[YOUR GOAL]
What are the lines from the top of the entries through the one with "lifestyles, selective focus, leisure"? Write them out exactly, with no pictures.

[MATERIAL PROVIDED]
■ ■ ■ ■ ■

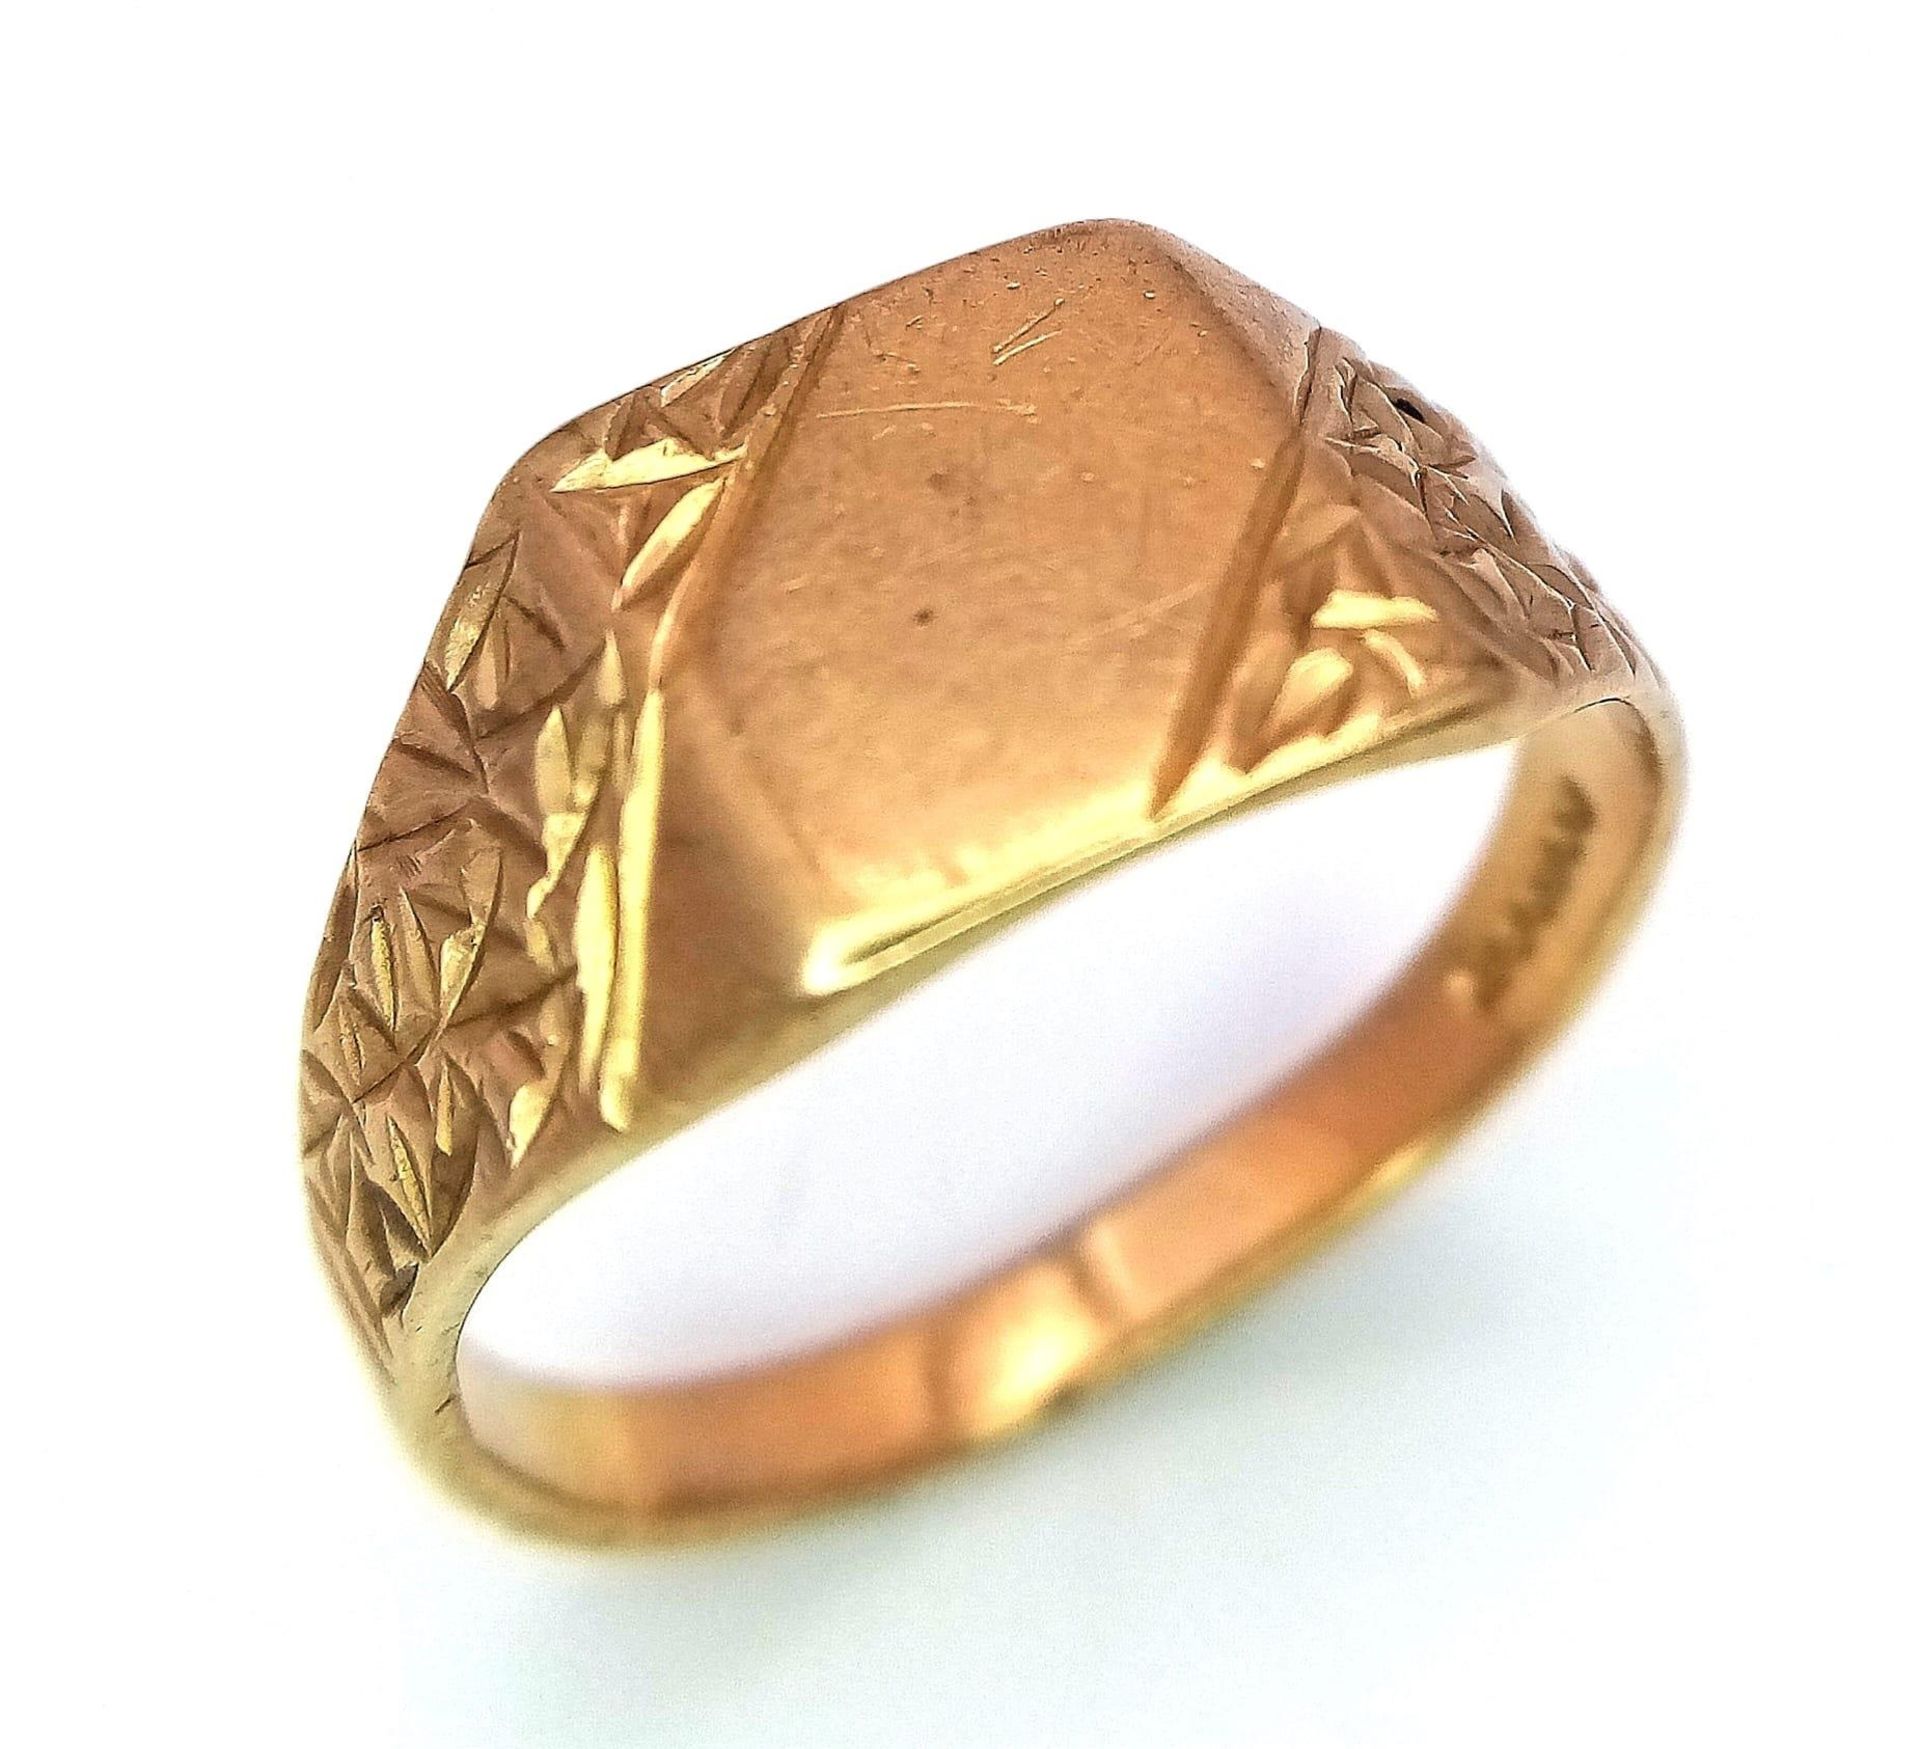 A Vintage 9K Yellow Gold Signet Ring. Size Q 1/2. Full UK hallmarks. 3.42g weight. - Image 3 of 5
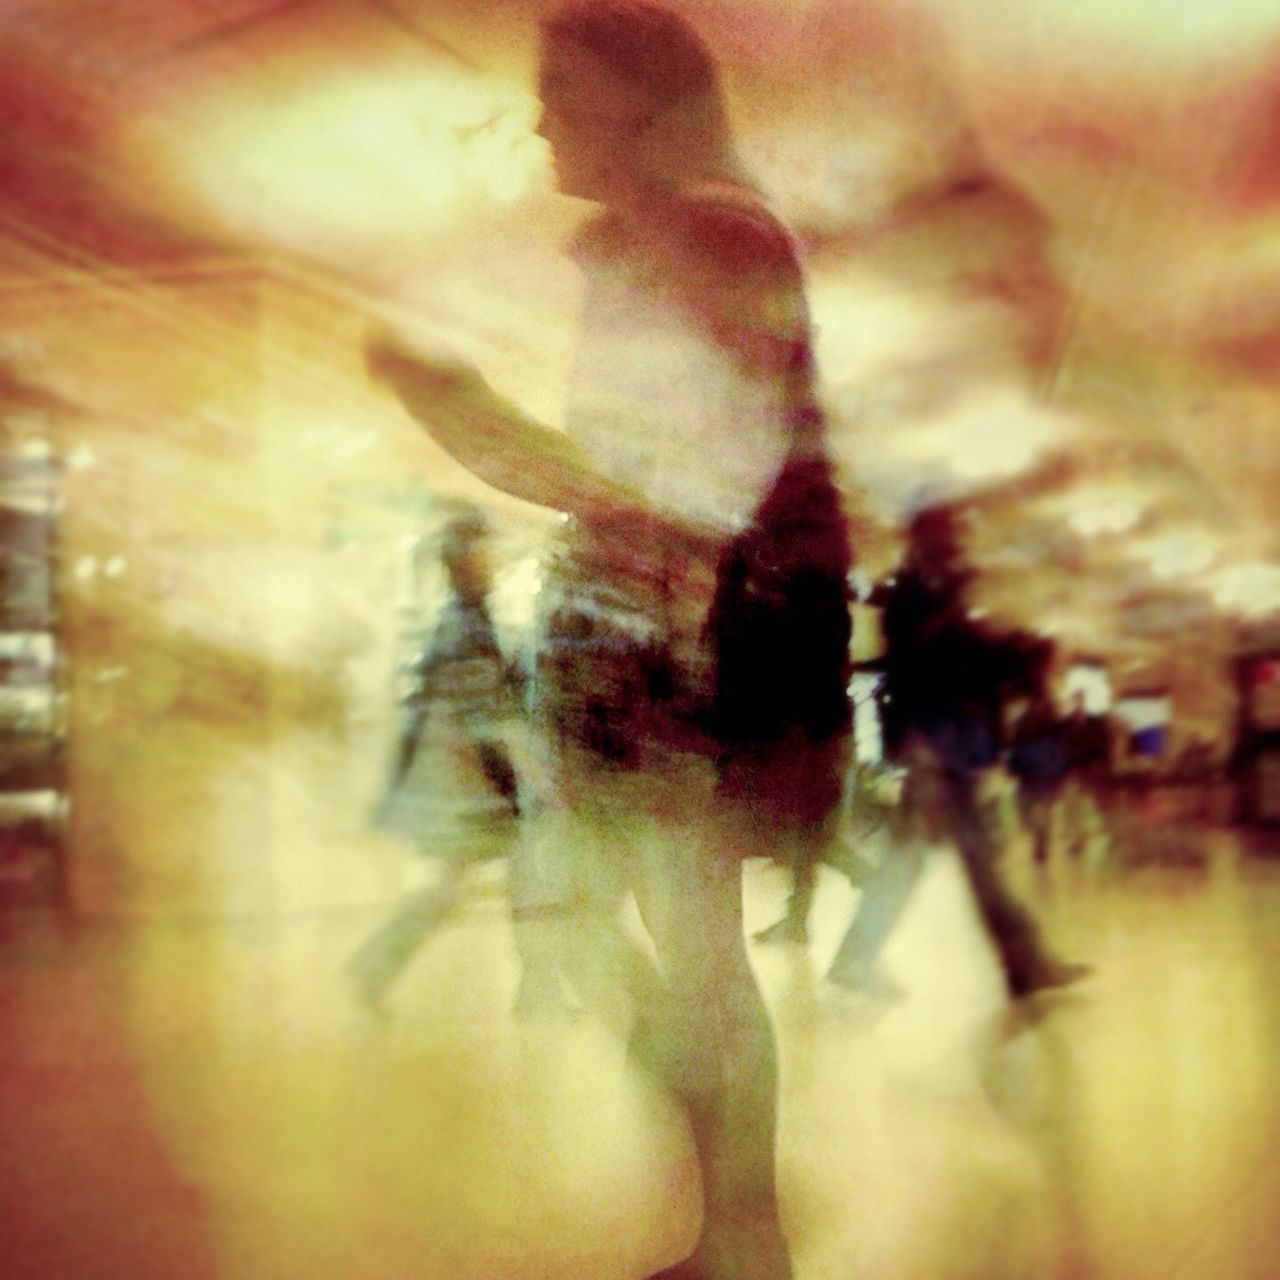 lifestyles, selective focus, leisure activity, focus on foreground, defocused, person, indoors, unrecognizable person, blurred motion, men, reflection, glass - material, close-up, walking, day, street, transparent
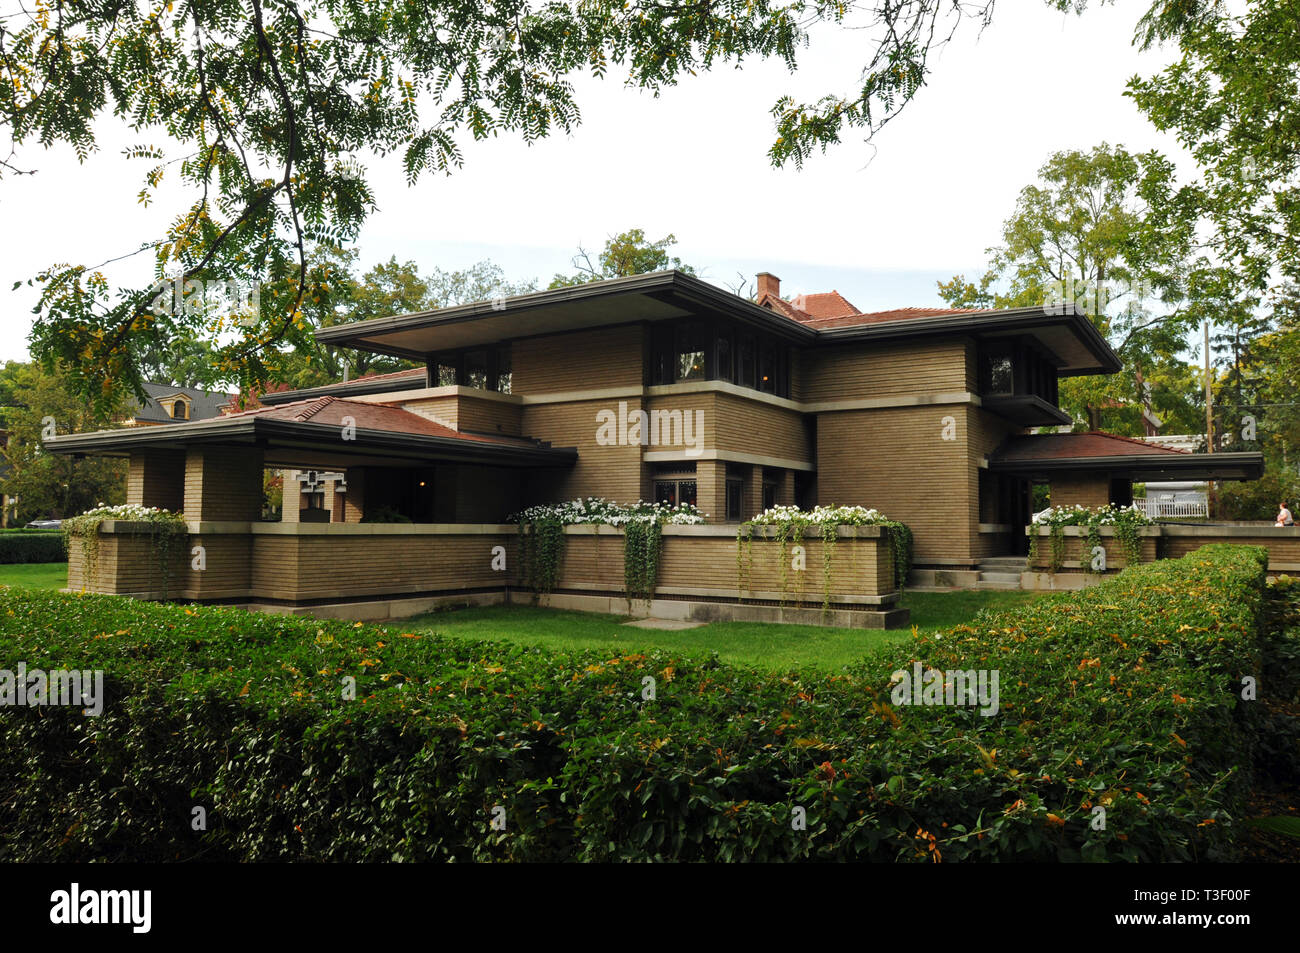 The Meyer May House in Grand Rapids, Michigan. The Prairie-style home, designed by architect Frank Lloyd Wright, was completed in 1909. Stock Photo
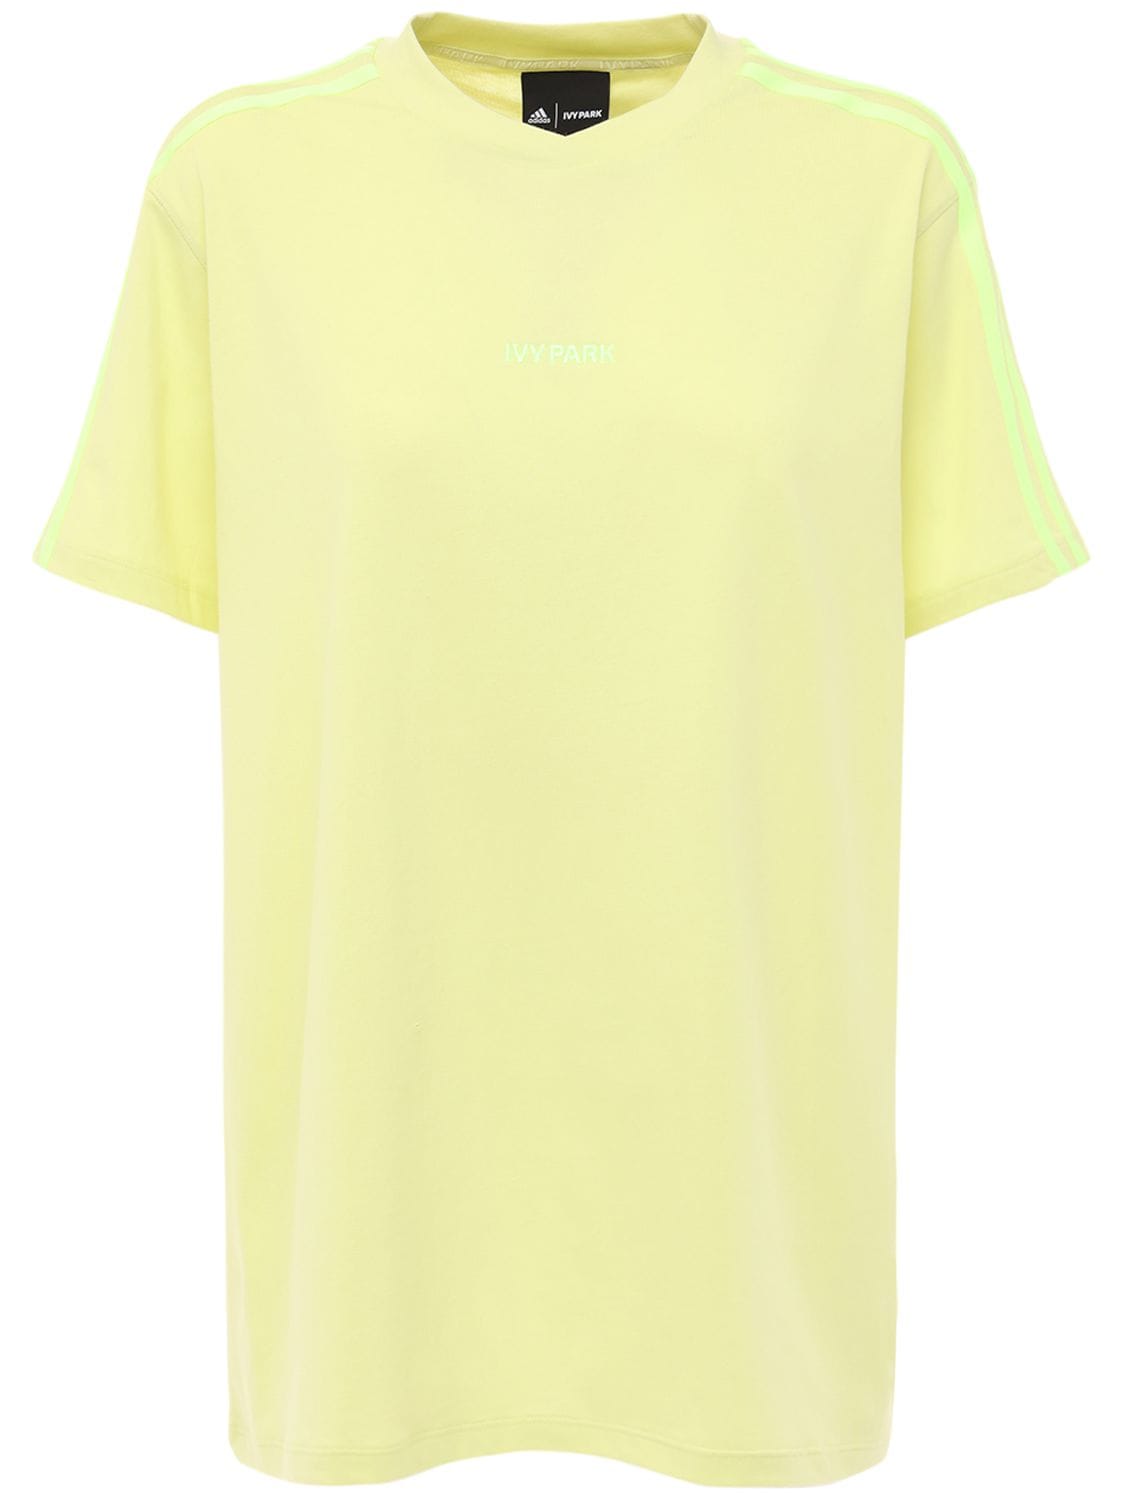 Adidas X Ivy Park Ivy Park Cotton 4all 3s T-shirt In Yellow Tint | ModeSens
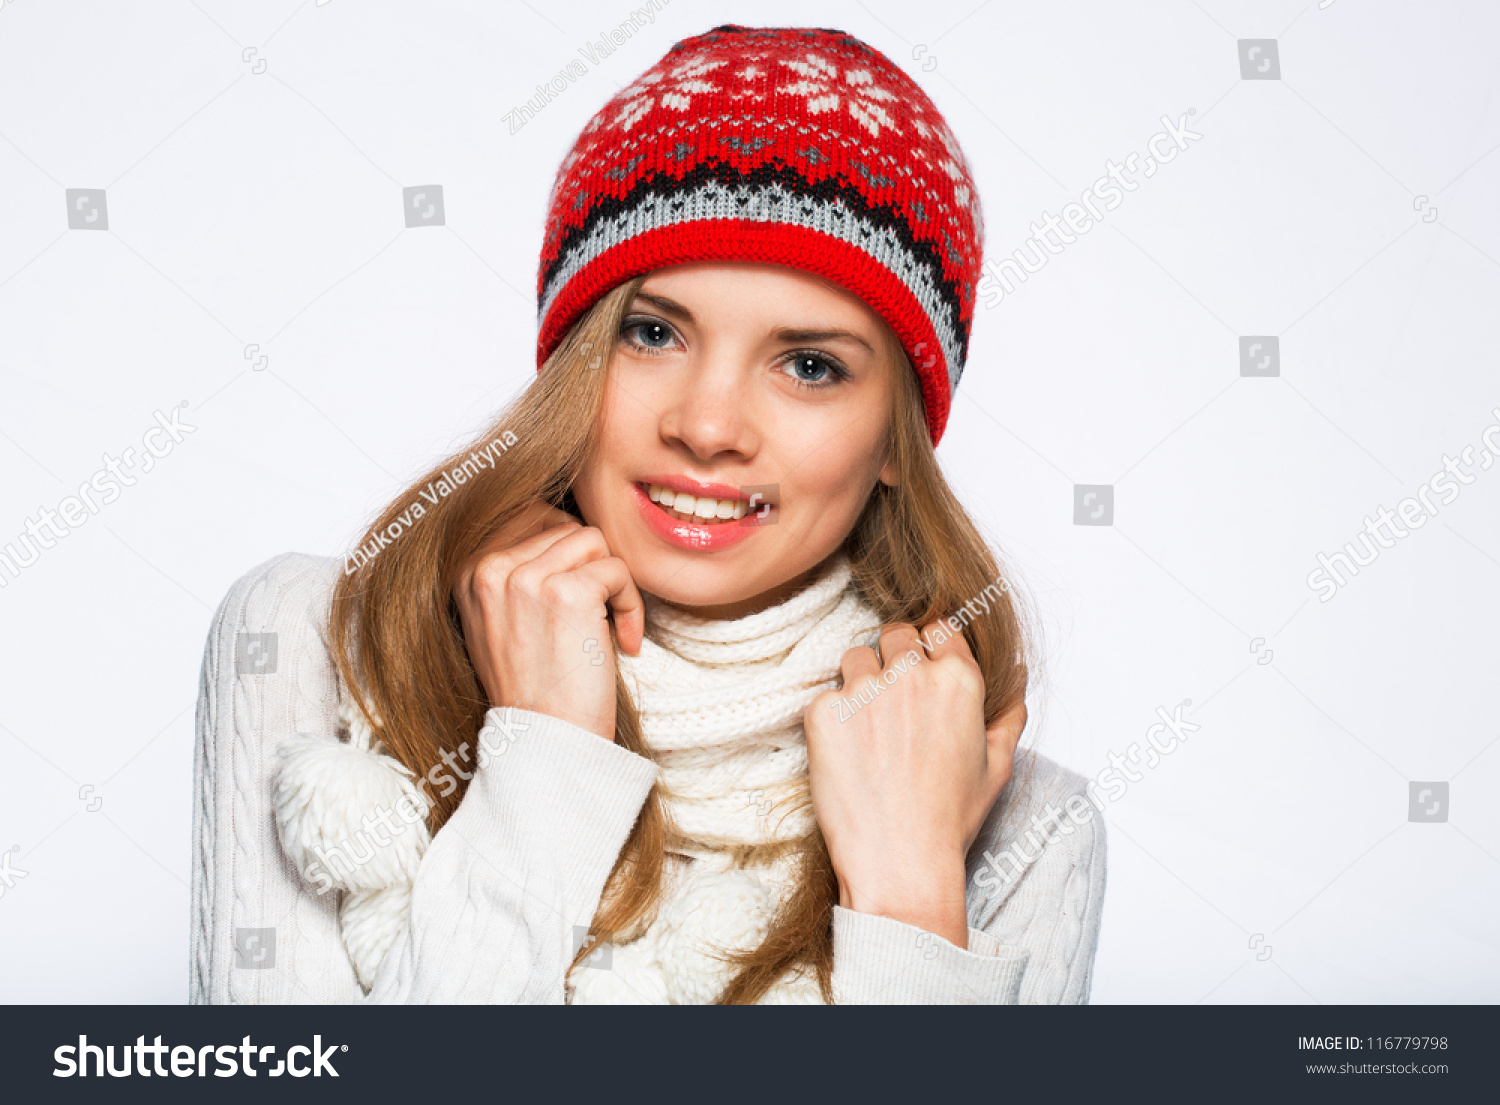 Young Girl In A Red Cap Isolated On White Stock Photo 116779798 ...

■ ■ ■ ■ ■

[ANSWER TO THIS PROBLEM]
 A Vintage 9K Yellow Gold Signet Ring. Size Q 1/2. Full UK hallmarks. 3.42g weight. - Image 3 of 5
 lifestyles, selective focus, leisure activity, focus on foreground, defocused, person, indoors, unrecognizable person, blurred motion, men, reflection, glass - material, close-up, walking, day, street, transparent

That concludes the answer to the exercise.